%%

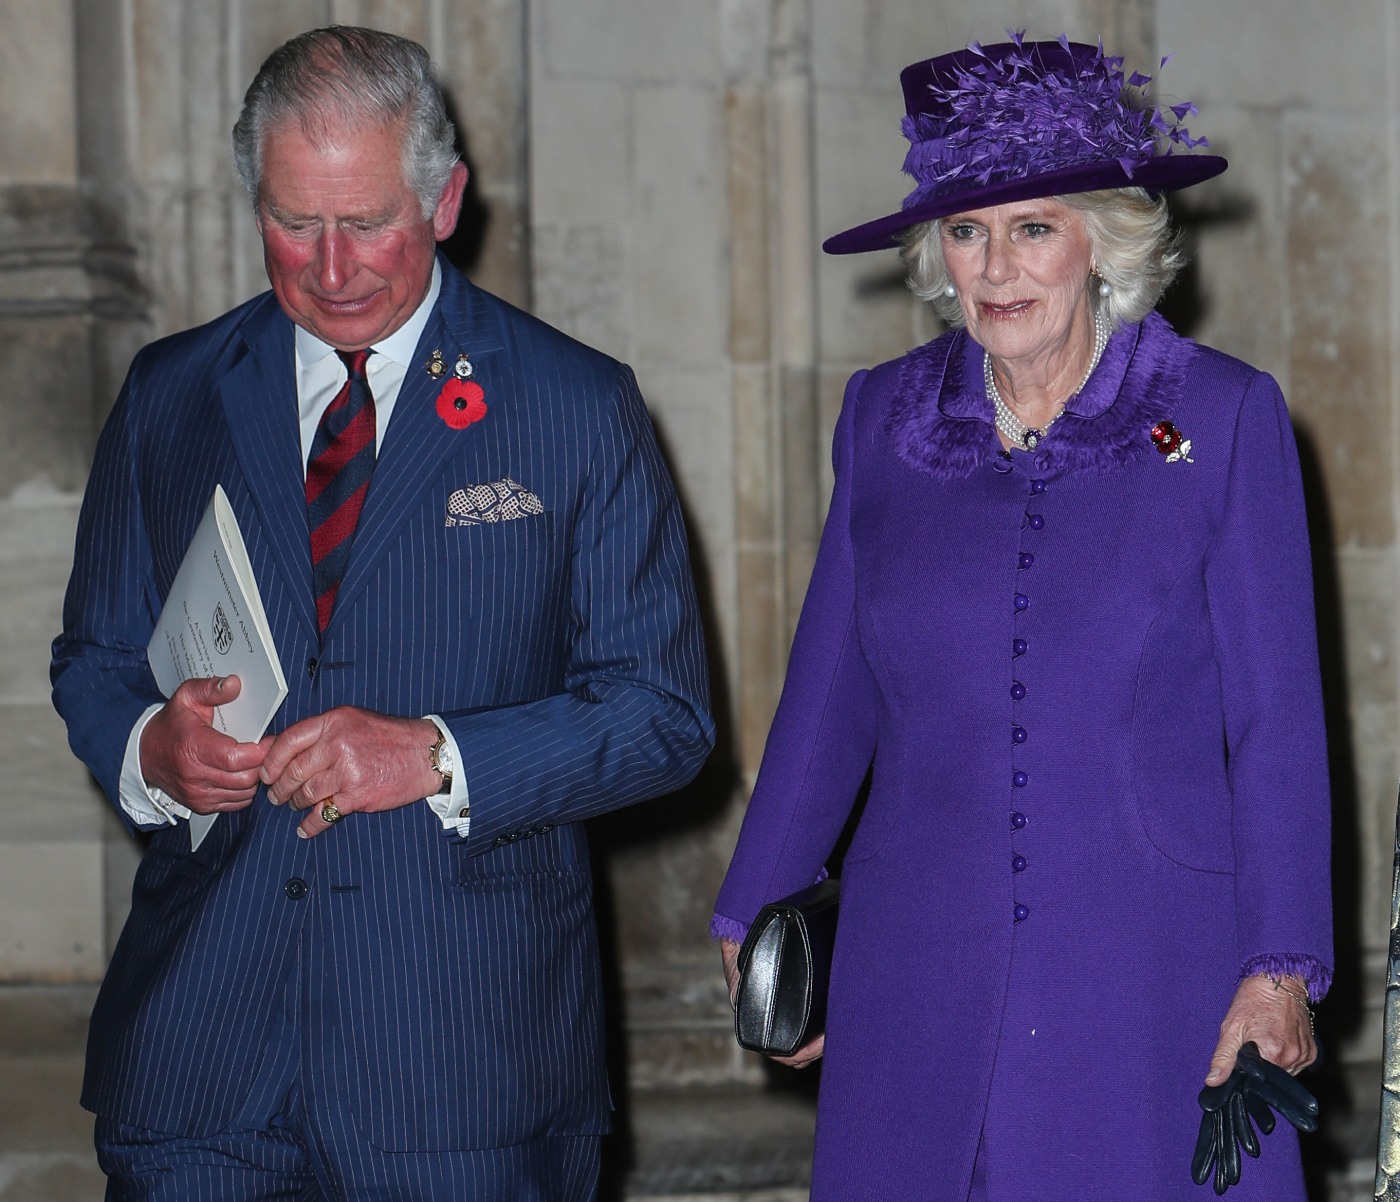 The Royal Family attends a Service to commemorate the Armistice on the centenary of the end of WWI
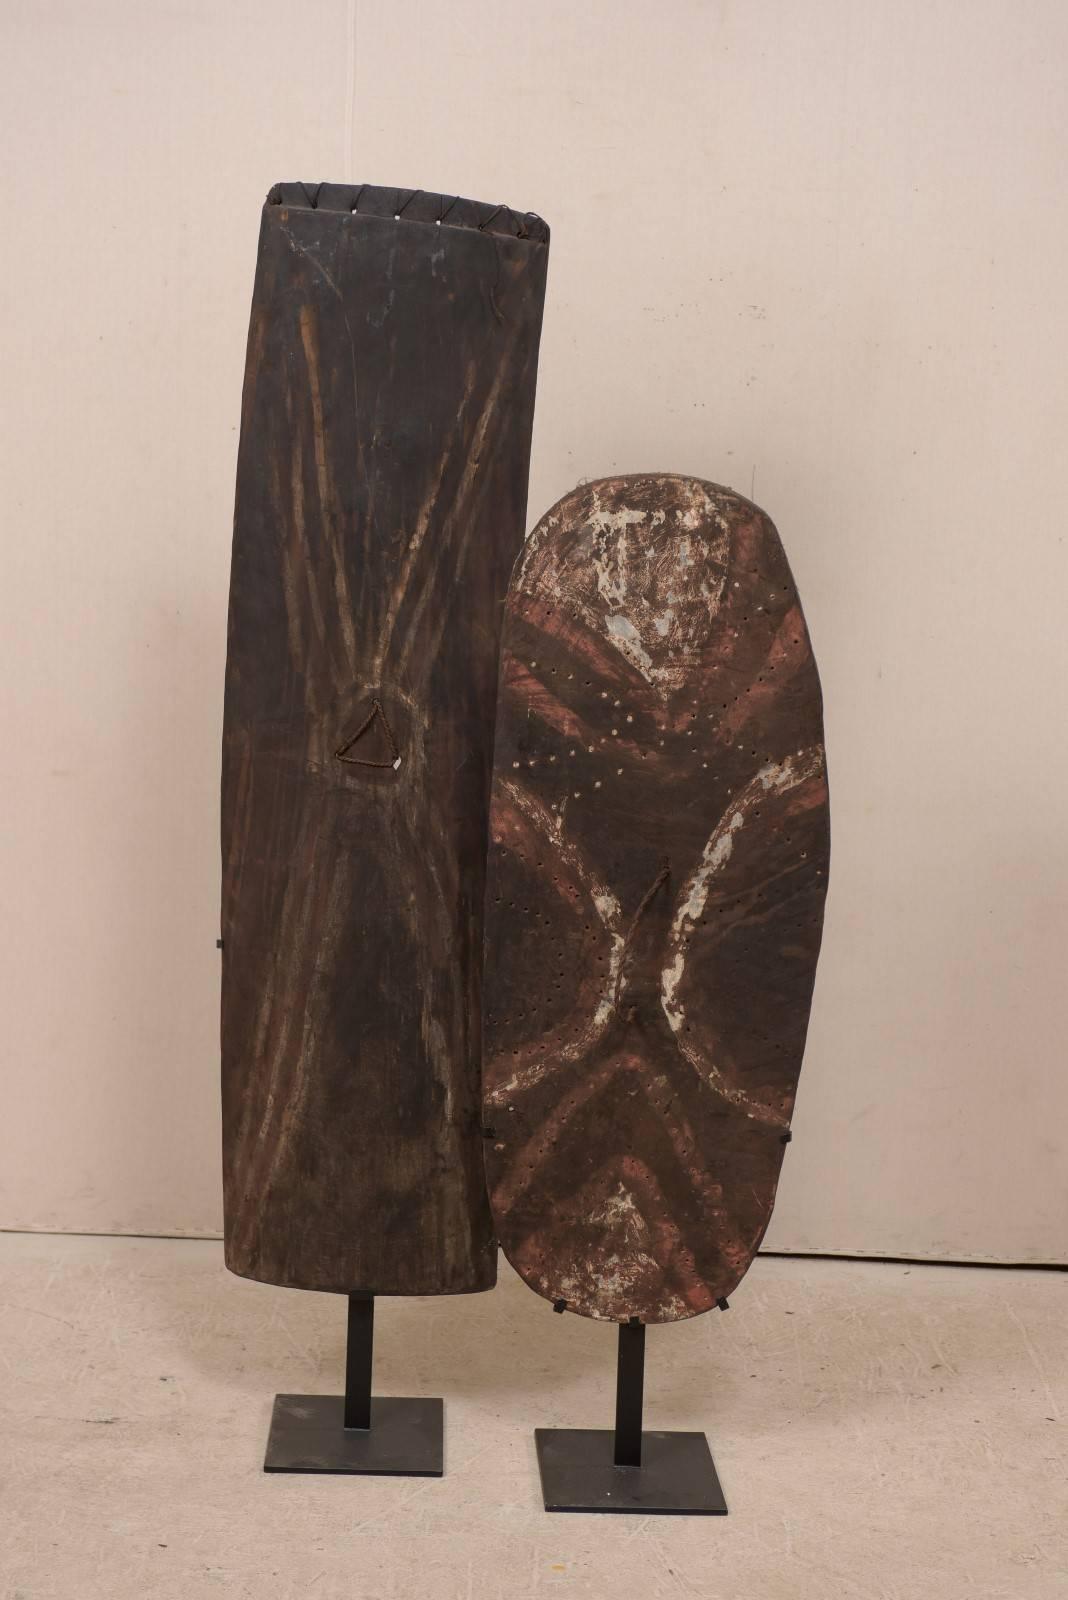 A pair of Papua New Guinea wooden shields on custom stands from the mid-20th century. These oceanic war shields were not only created for protecting oneself for tribal warfare, but also in ancestral and ritual worship. They are adorn in various
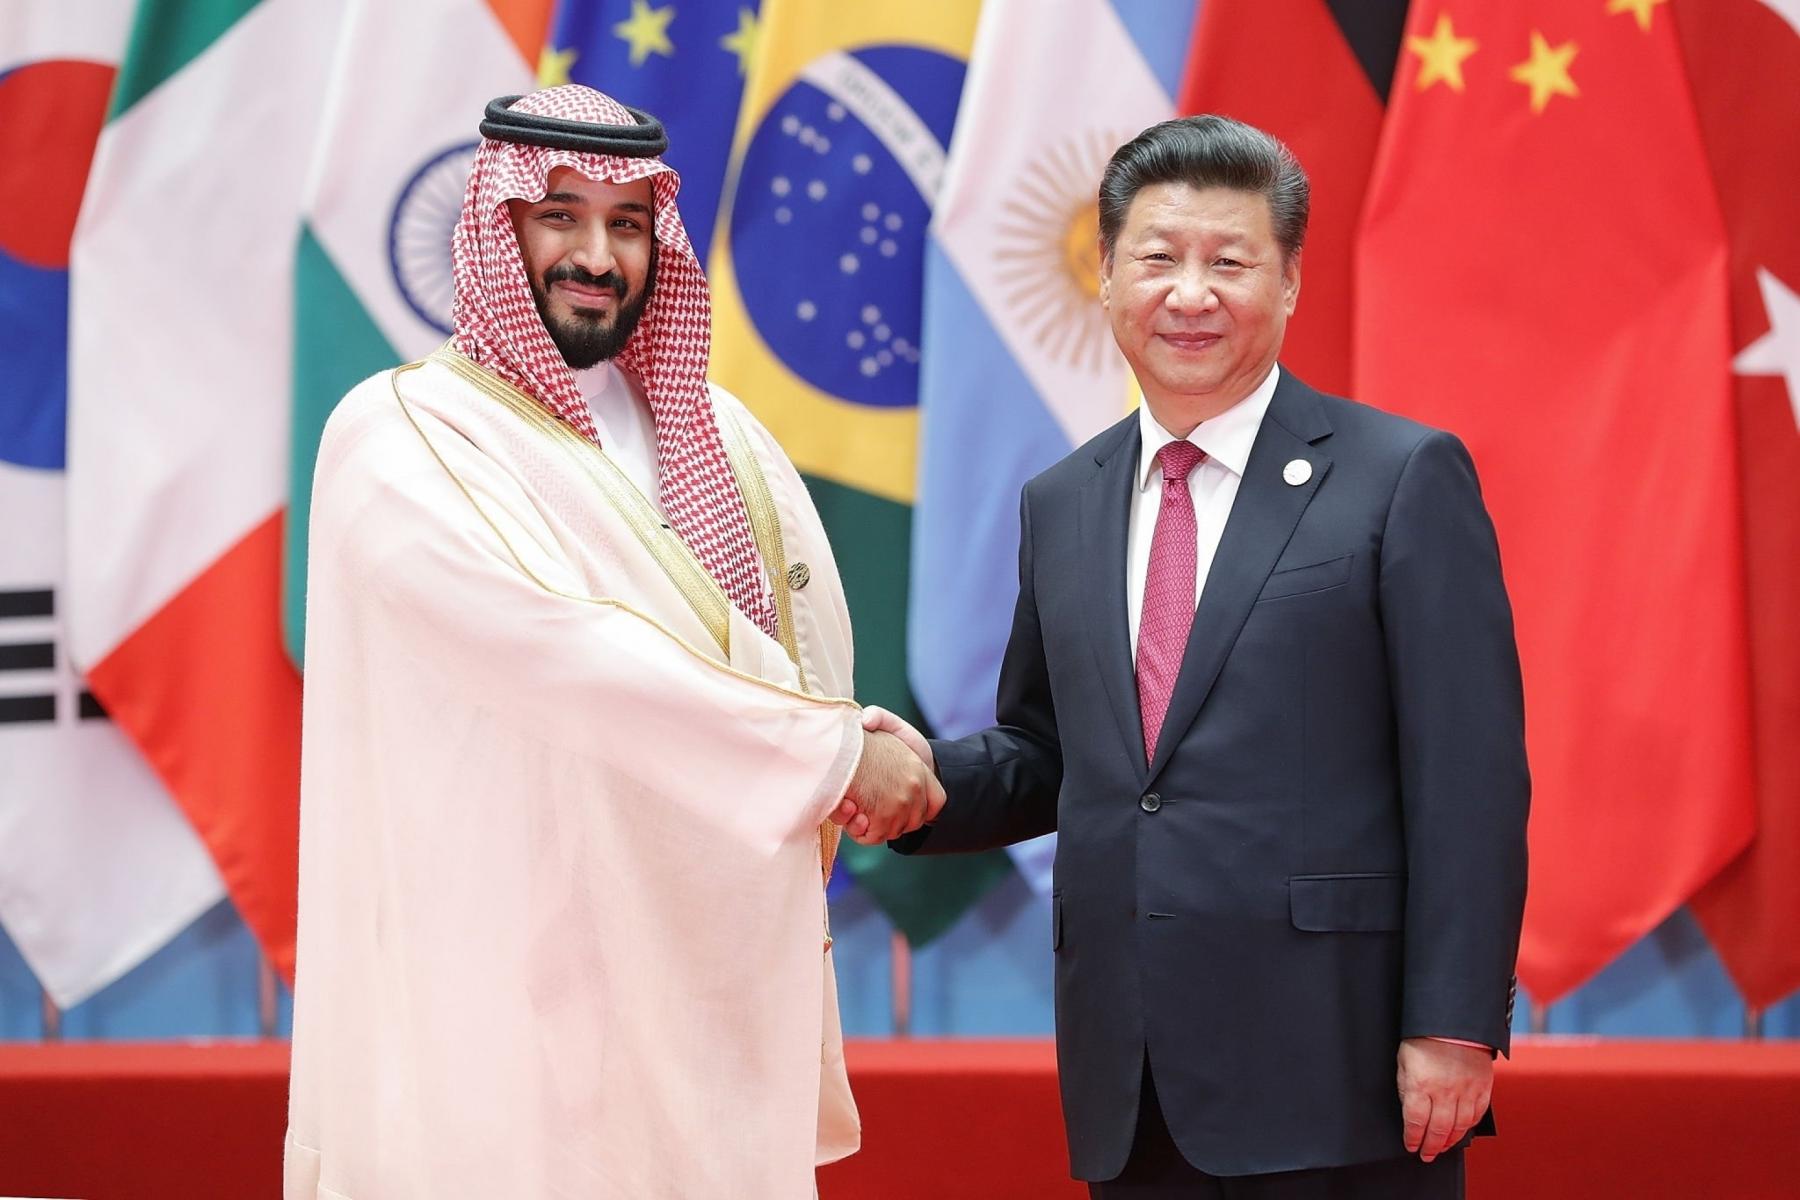 Chinese President Xi Jinping (right) shakes hands with Saudi Deputy Crown Prince and Minister of Defense Mohammed bin Salman bin Abdulaziz Al Saud to the G20 Summit on Sep 4, 2016 in Hangzhou, China.
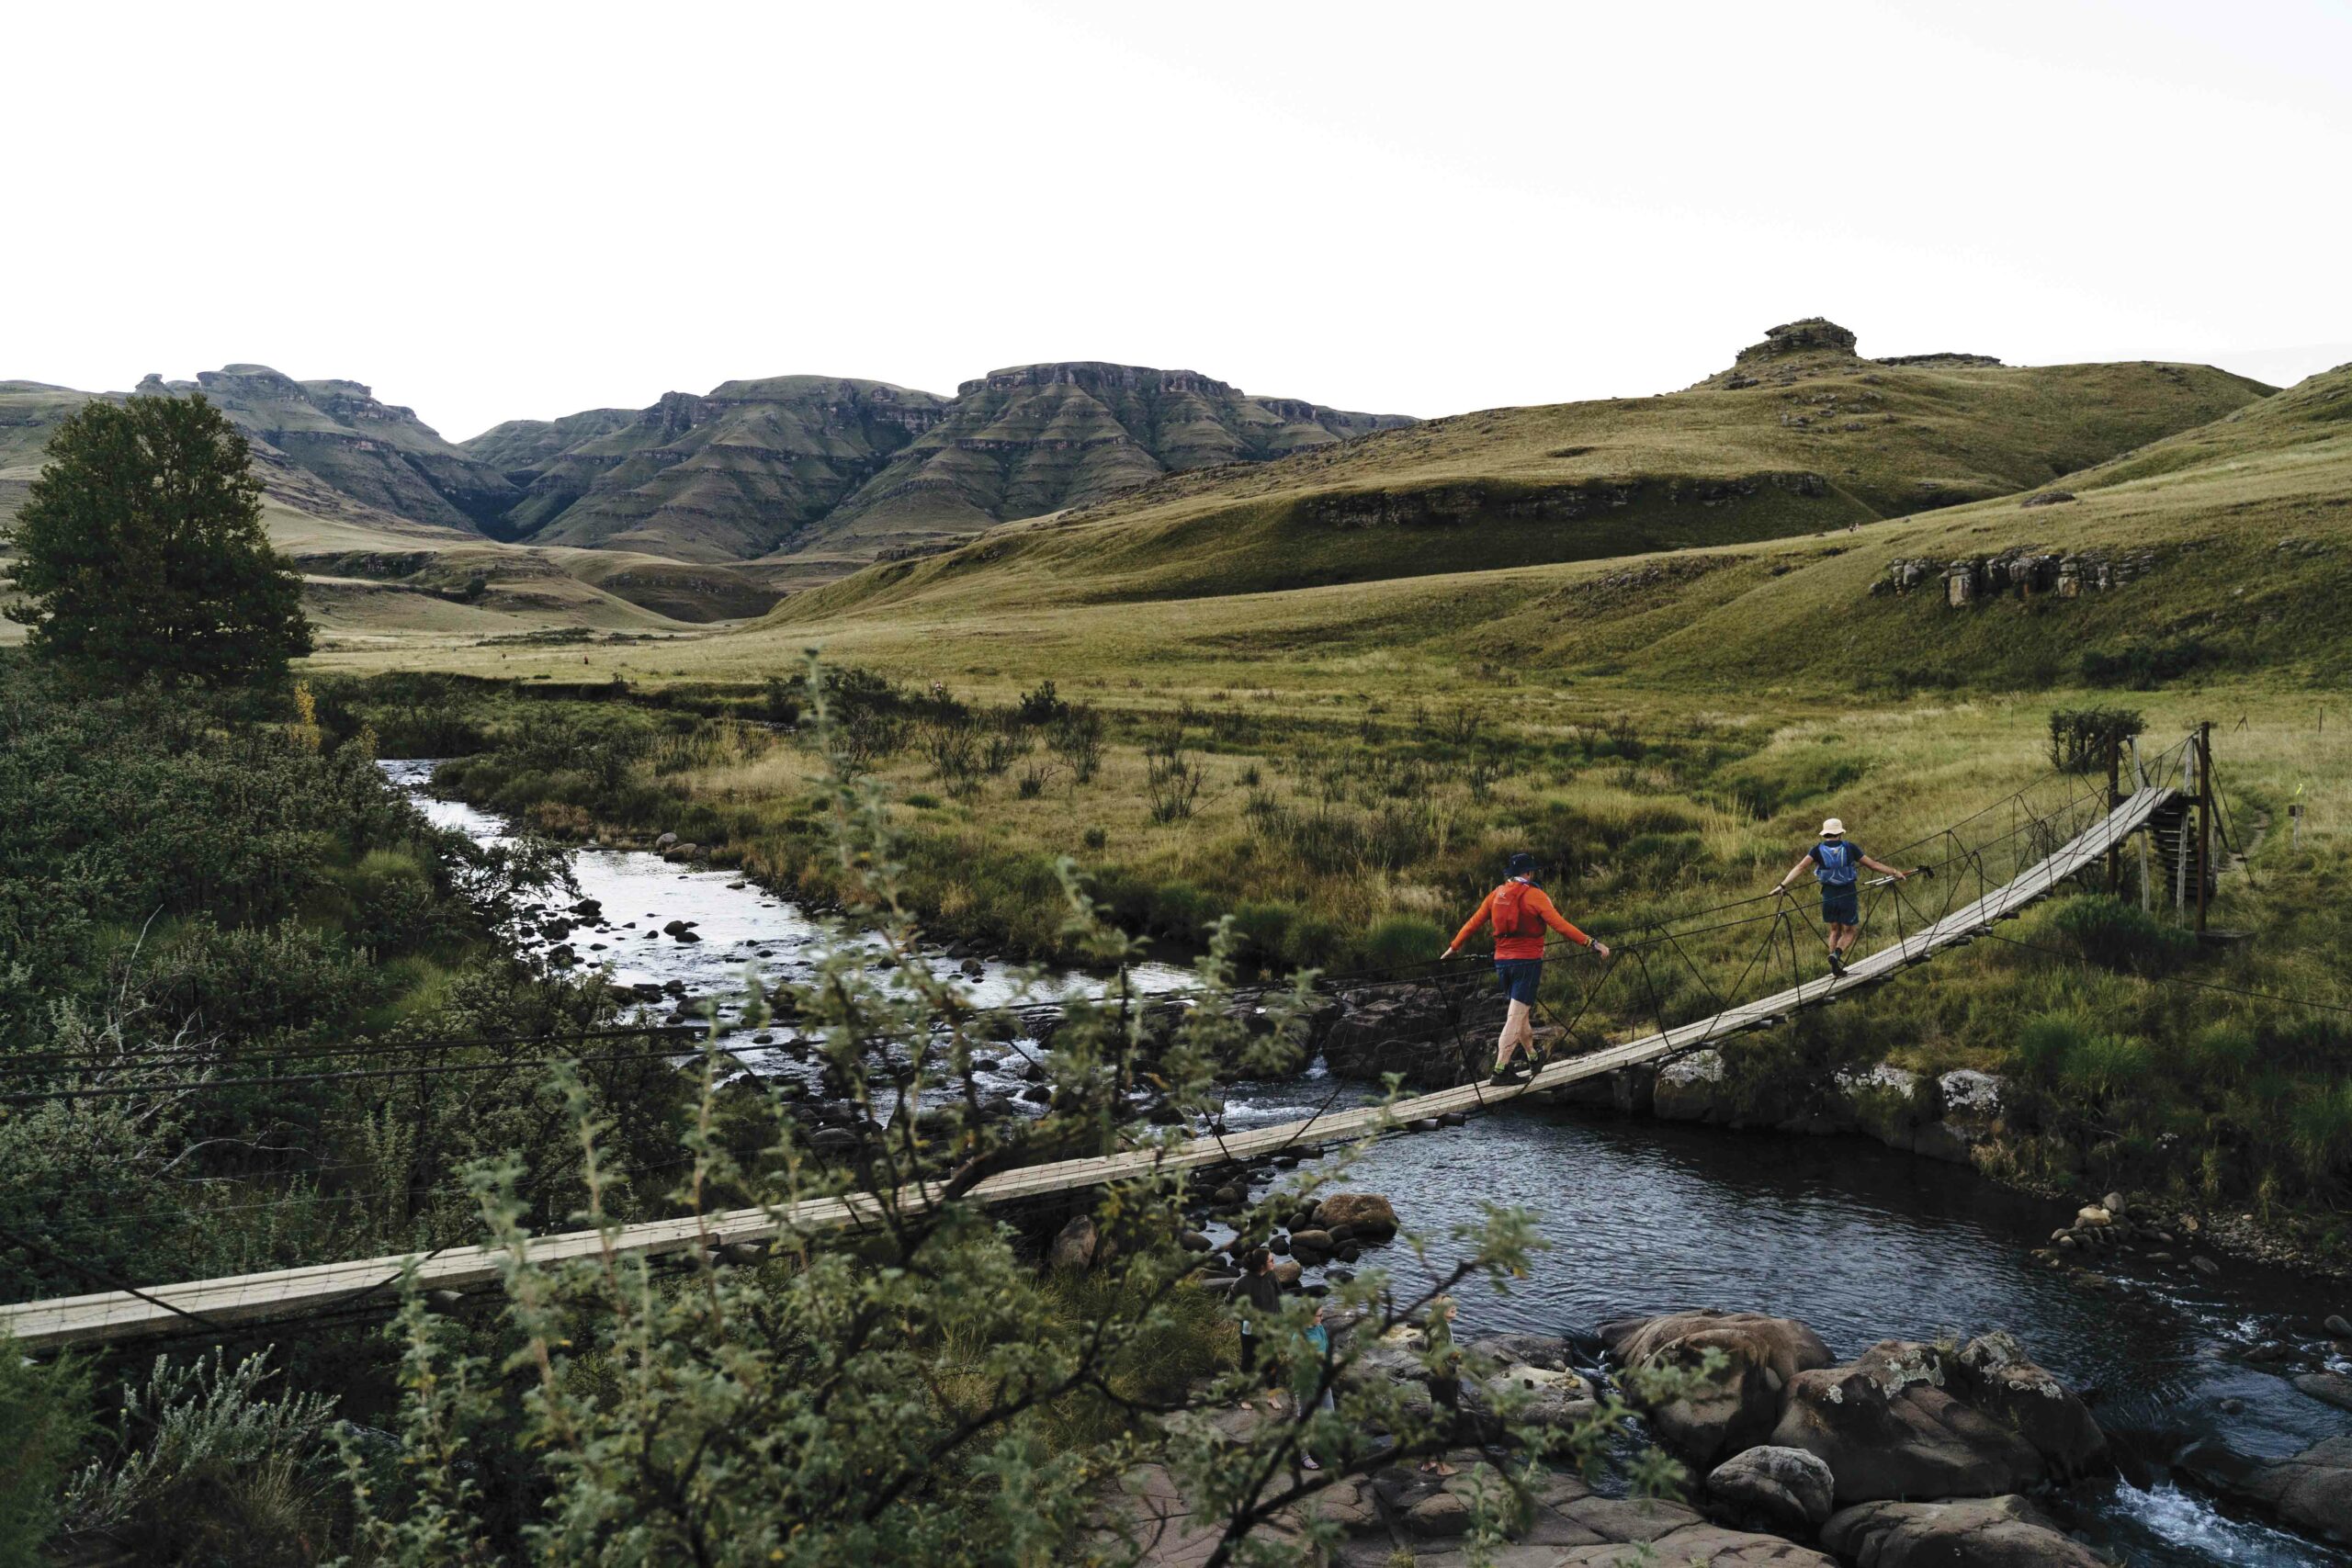 Looking For A New Place To Run? Try This Stunning KZN Trail Runner's

%%

§ **WORK INSTRUCTION**
Your answer must be an exact copy of the lines above, from the line that contains "Chinese President Xi" through the final line, with no pictures in it.

§ **SOLVED EXERCISE**
 Chinese President Xi Jinping (right) shakes hands with Saudi Deputy Crown Prince and Minister of Defense Mohammed bin Salman bin Abdulaziz Al Saud to the G20 Summit on Sep 4, 2016 in Hangzhou, China.
 Looking For A New Place To Run? Try This Stunning KZN Trail Runner's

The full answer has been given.